Available data:
= = =
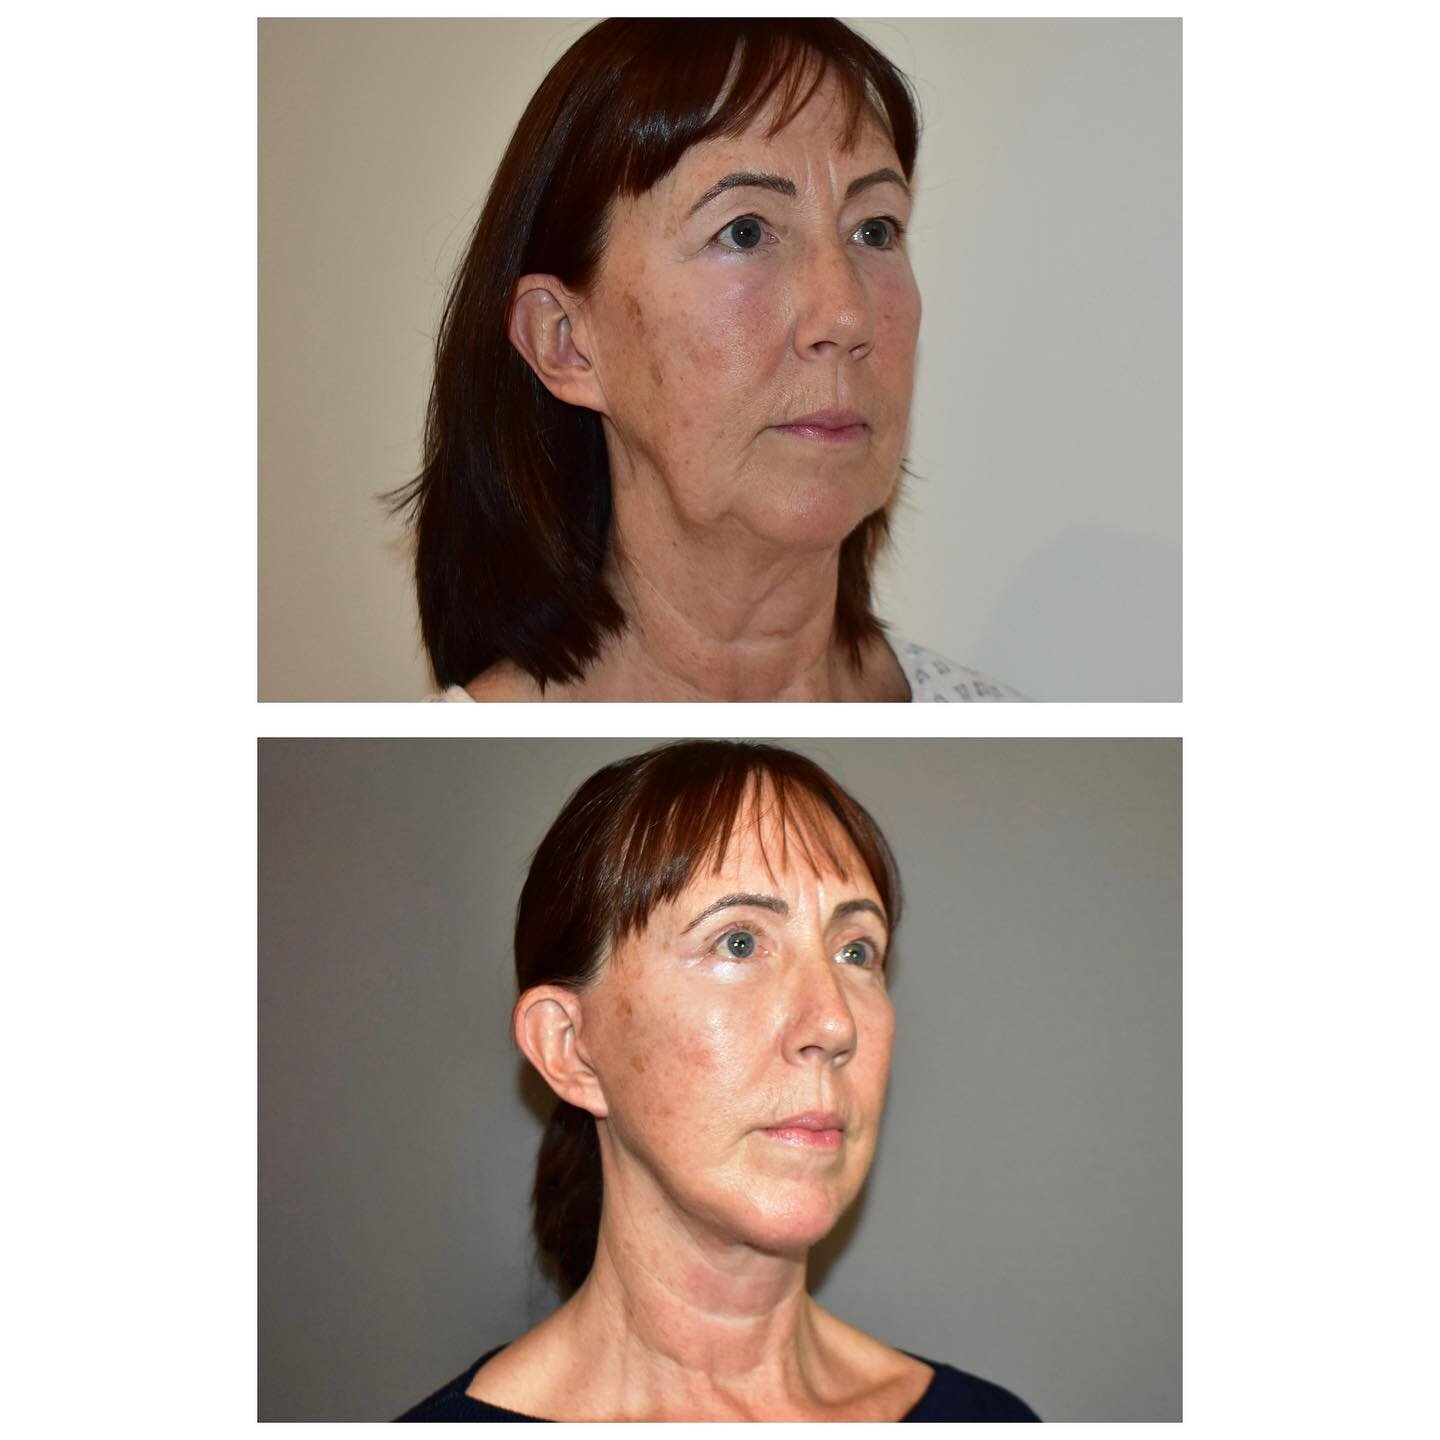 Another brilliant result of a Facelift and Upper and Lower Blepharoplasty. 

This procedure removes excess skin and fat on these facial areas, and tightens the remaining skin and tissues for a smoother and younger-looking appearance. 

Blepharoplasty
= = =
What needs to be done: Skipping any images, write out all the data exactly.

Answer section:
 Another brilliant result of a Facelift and Upper and Lower Blepharoplasty. 

This procedure removes excess skin and fat on these facial areas, and tightens the remaining skin and tissues for a smoother and younger-looking appearance. 

Blepharoplasty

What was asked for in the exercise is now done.